Installée depuis deux ans au Haras d’Engerville avec son compagnon Brendan Pennarun, Ilaria Sutera prône le retour à la nature du cheval de sport et plus particulièrement ceux destinés au plus haut-niveau. J’ai essayé d’en savoir plus sur ce système inédit dans le monde du saut d’obstacles. Retrouvez notre discussion en vidéo sur Instagram IGTV ou retranscrite ci-dessous !

INTERVIEW
Quel a été ton parcours avant ton arrivée au Haras d’Engerville en Normandie ?

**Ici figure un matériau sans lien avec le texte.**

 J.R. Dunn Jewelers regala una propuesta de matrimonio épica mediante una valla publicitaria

Je suis originaire de Monaco. Mes chevaux étaient à Milan donc on a fait des allers-retours avec ma mère pendant six ans pour que je puisse monter à poney et faire les épreuves Juniors. Jusqu’au jour où j’ai décidé que je voulais en faire mon métier. On a donc déménagé en France pour que je puisse faire mes études et monter à cheval en même temps. Je me suis retrouvée à Paris pour l’université et un jour, on s’est dit qu’il serait bien d’avoir un endroit à nous où mettre nos chevaux. On a trouvé ce haras sur lequel on a eu un vrai coup de cœur. On est installés en Normandie depuis deux ans et c’est formidable !

Depuis que tu es en Normandie, tu as revu tout ton système au niveau de la gestion des chevaux mais aussi au niveau des concours. Peux-tu nous en parler et nous dire quel a été ton cheminement ?

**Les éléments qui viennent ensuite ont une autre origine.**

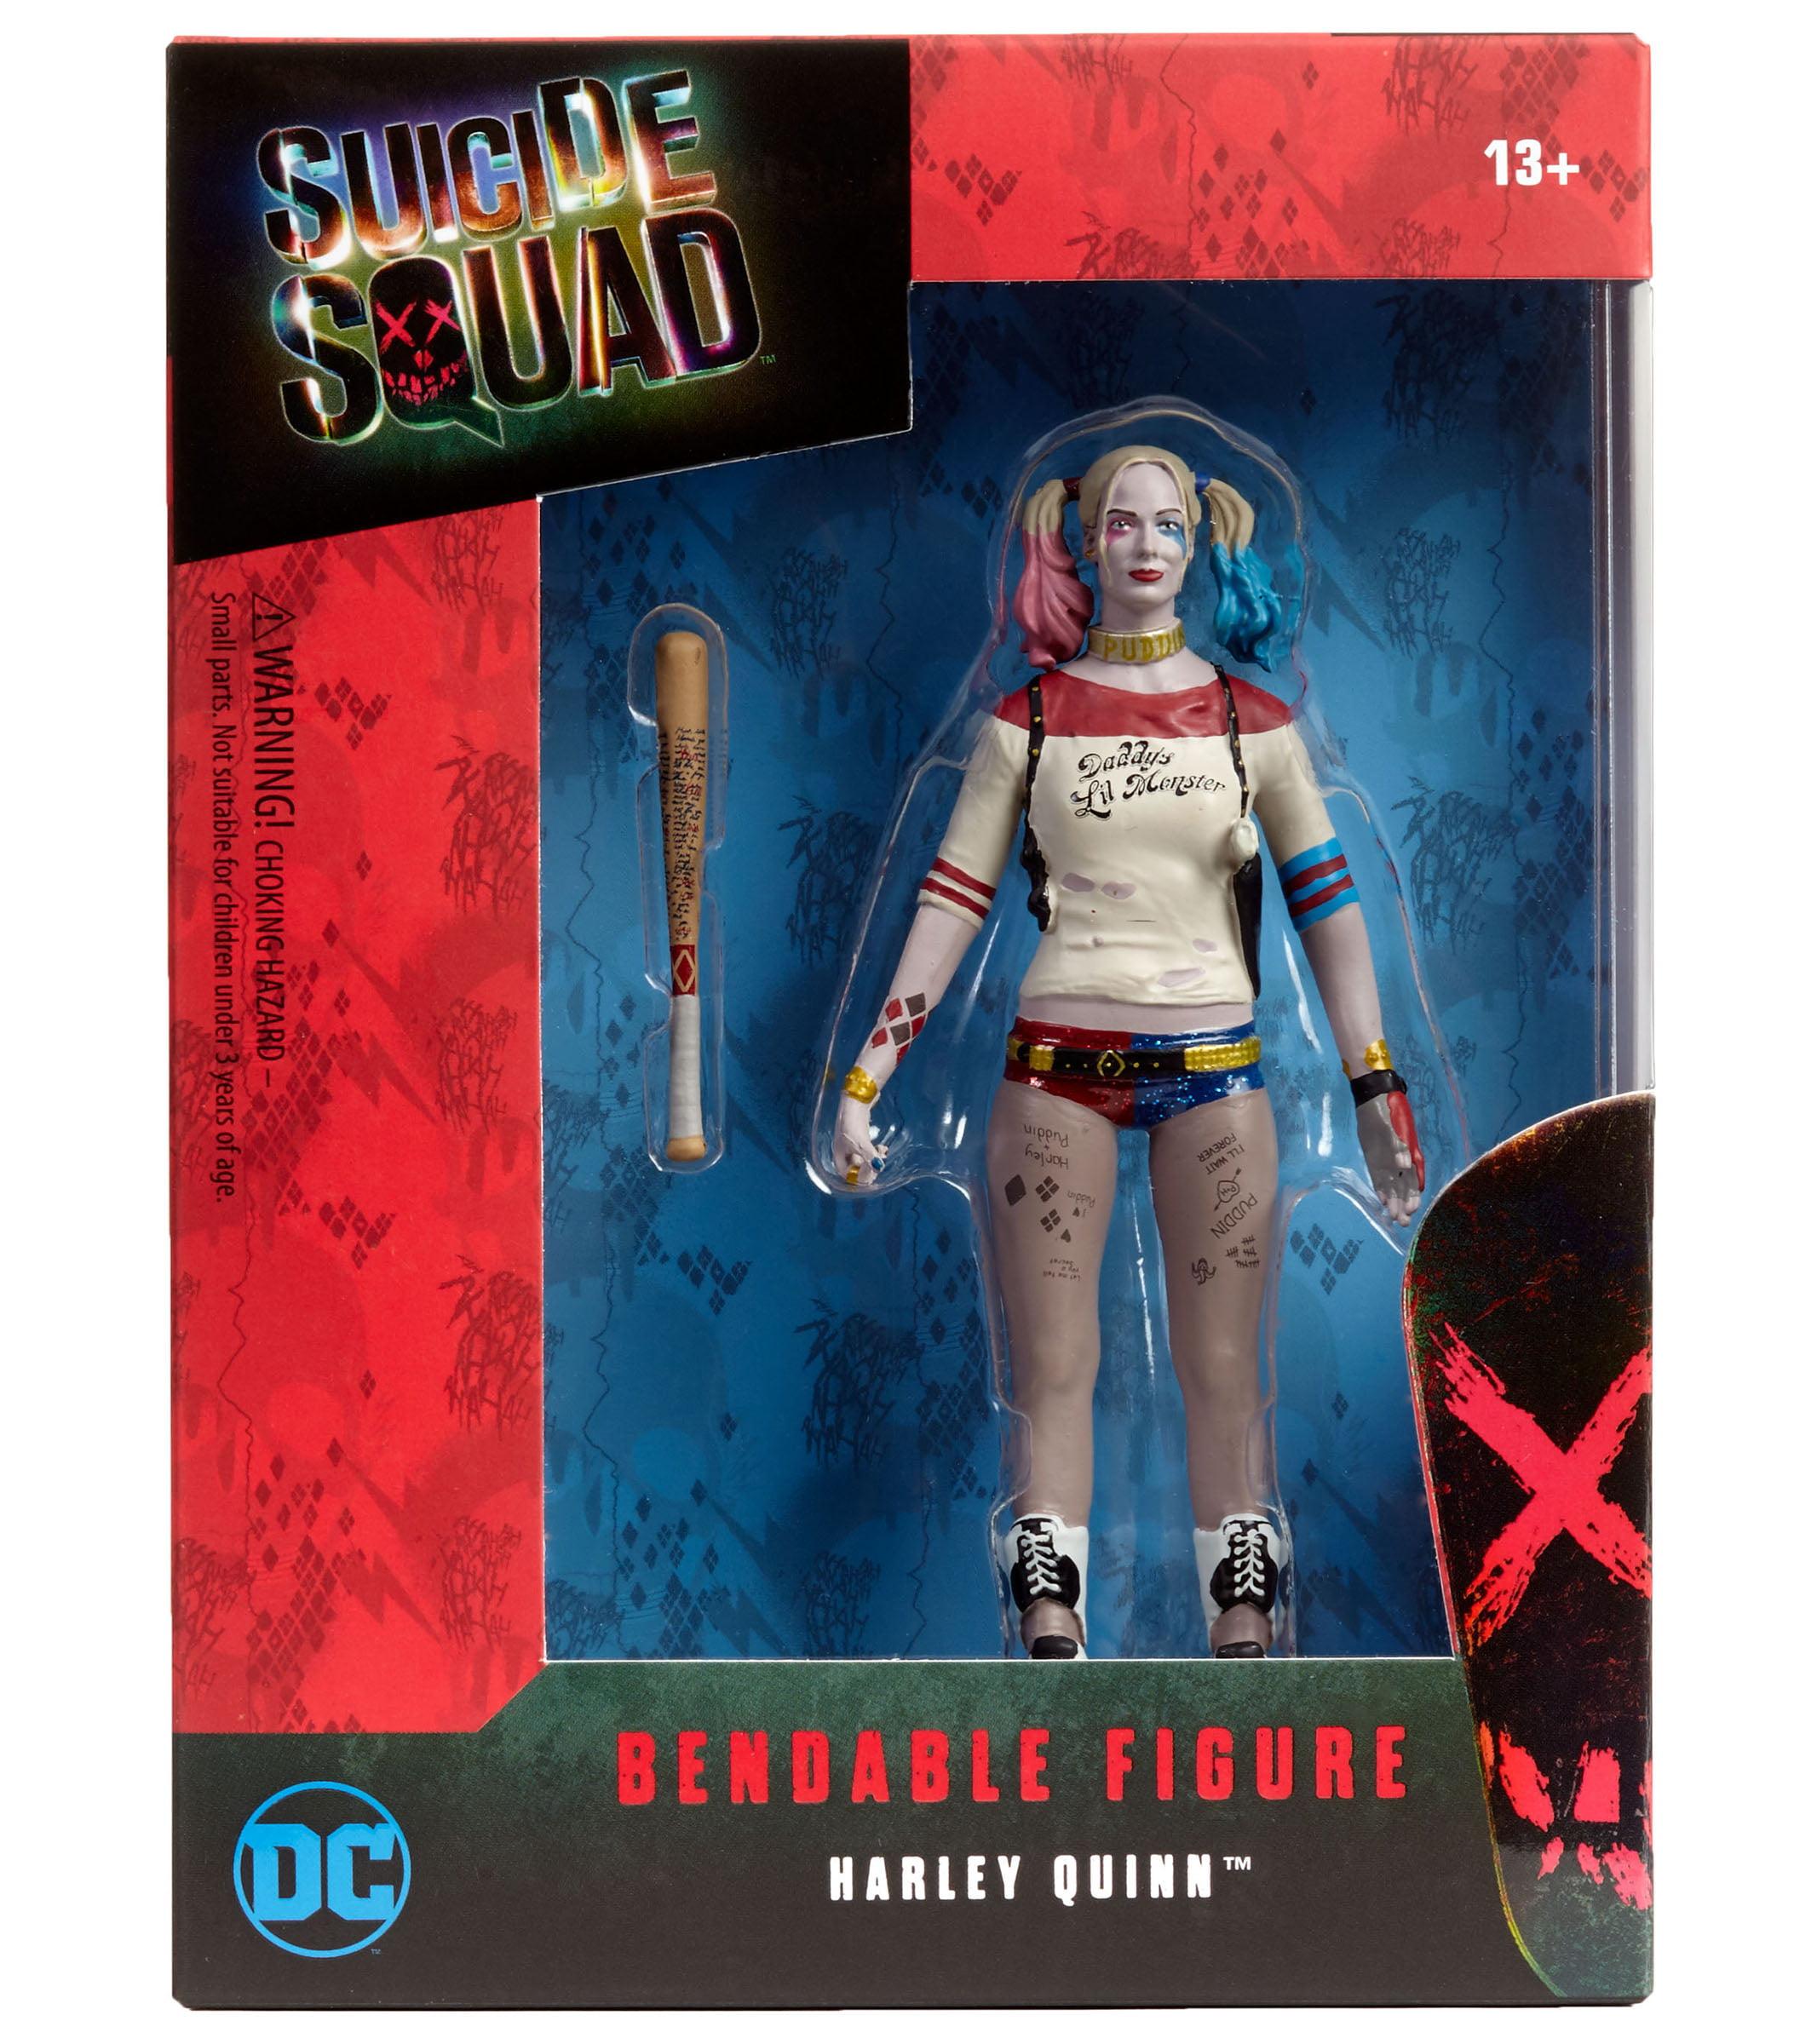 DC Comics Suicide Squad Harley Quinn Bendable Figure by NJ Croce

Lorsque l’on a planifié d’acheter un endroit où je voulais vraiment avoir de la place pour changer de système, mon idée était de revenir complètement au naturel. Je me suis dit : “j’aime vraiment mes chevaux mais qu’est-ce que je peux faire pour leur rendre tout ce qu’ils font pour moi ?”. J’ai alors commencé à les laisser dehors en troupeaux, à étudier l’alimentation, étudier leurs déplacements, étudier leur moral, étudier comment ils vivaient leur vie de cheval. C’est assez extraordinaire car le jour où j’ai commencé à mettre tout le monde dehors je me suis seulement dit que c’était formidable.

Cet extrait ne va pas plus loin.